Mixta calida

Scientific classification
- Domain: Bacteria
- Kingdom: Pseudomonadati
- Phylum: Pseudomonadota
- Class: Gammaproteobacteria
- Order: Enterobacterales
- Family: Erwiniaceae
- Genus: Mixta
- Species: M. calida
- Binomial name: Mixta calida (Popp et al. 2010) Palmer et al. 2018
- Synonyms: Pantoea calida Popp et al. 2010;

= Mixta calida =

- Genus: Mixta
- Species: calida
- Authority: (Popp et al. 2010) Palmer et al. 2018
- Synonyms: Pantoea calida Popp et al. 2010

Species of bacteria

Mixta calida (formerly Pantoea calida) is a species of Gram negative bacteria.

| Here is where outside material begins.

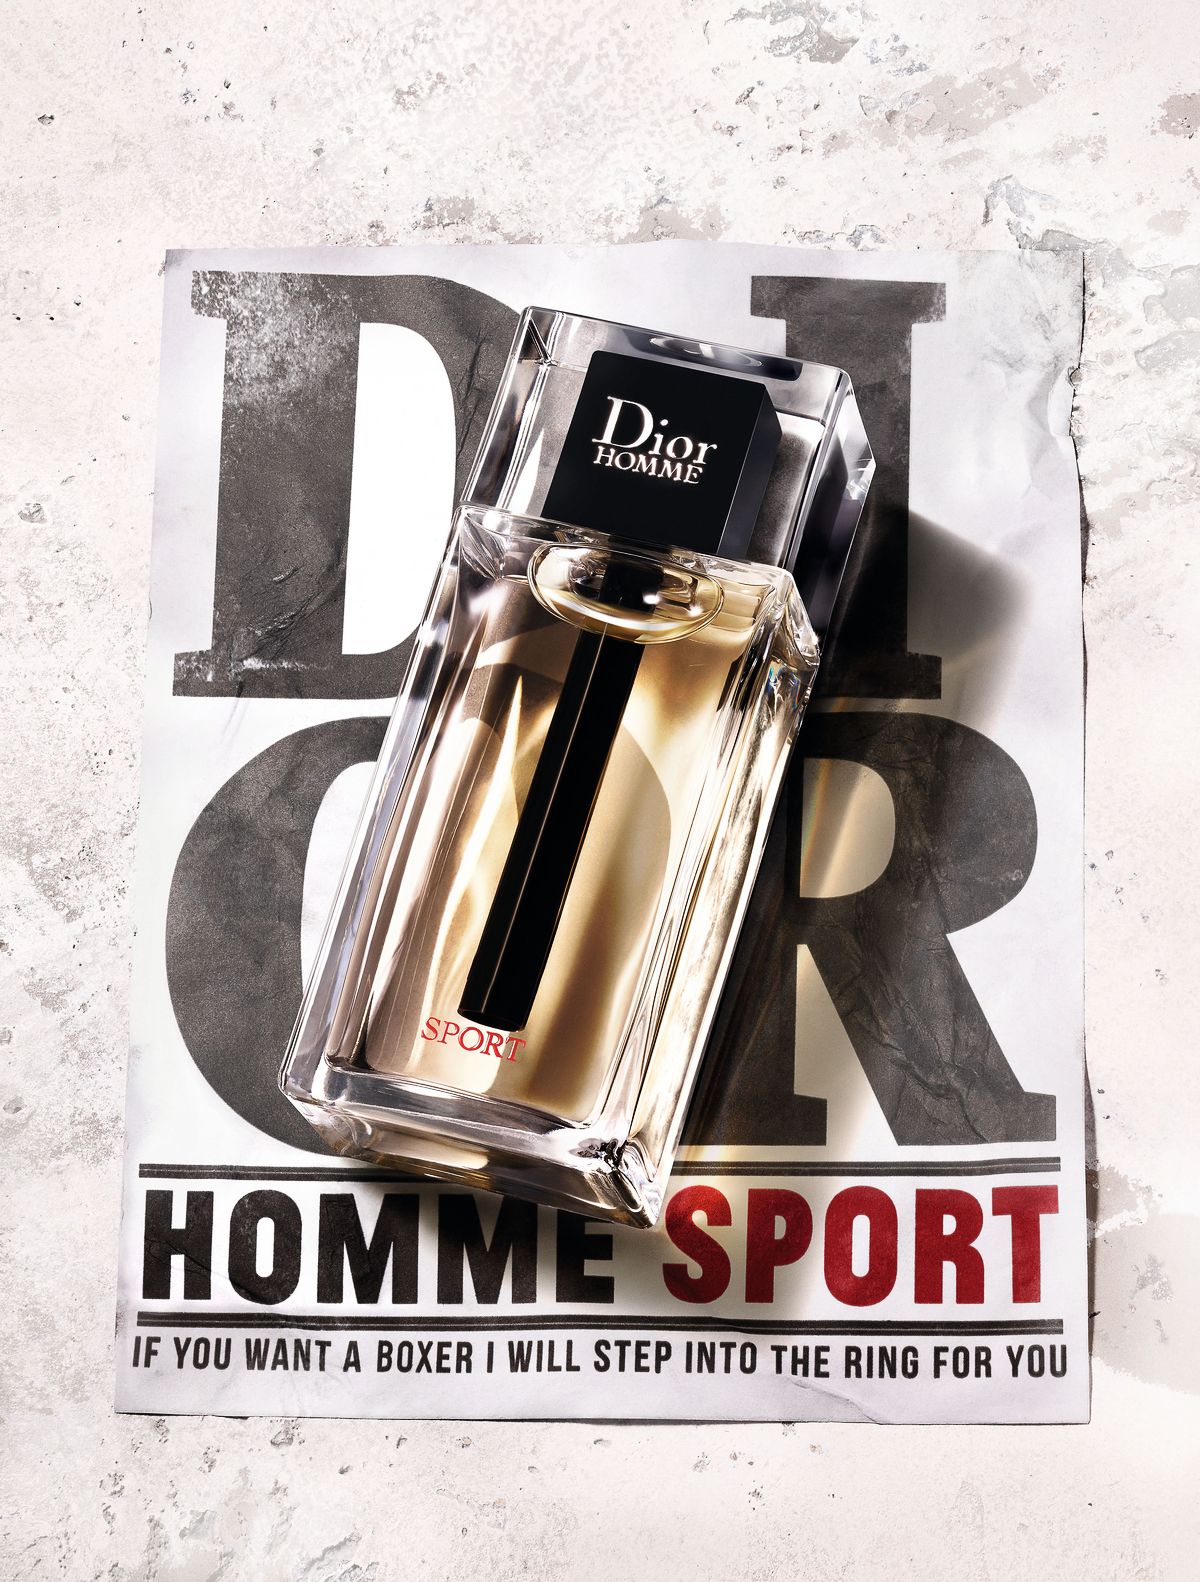 Для нового Dior Homme Sport Ким Джонс создал эксклюзивные боксерские перчатки, фото 1

Cells of this species are coccoid rods and are motile.

==Background==
Mixta calida was originally isolated from powdered infant formula, and in 2010 was placed in the genus Pantoea. In 2018, the species was reclassified into the novel genus, Mixta. The species name is derived from Latin calida (warm, hot), referring to the species' ability to grow well at 44 °C.

Research on infections in humans is limited, but Mixta calida has been reported to cause implantable cardioverter defibrillator-related infection, postsurgical meningitis, and bacteremia.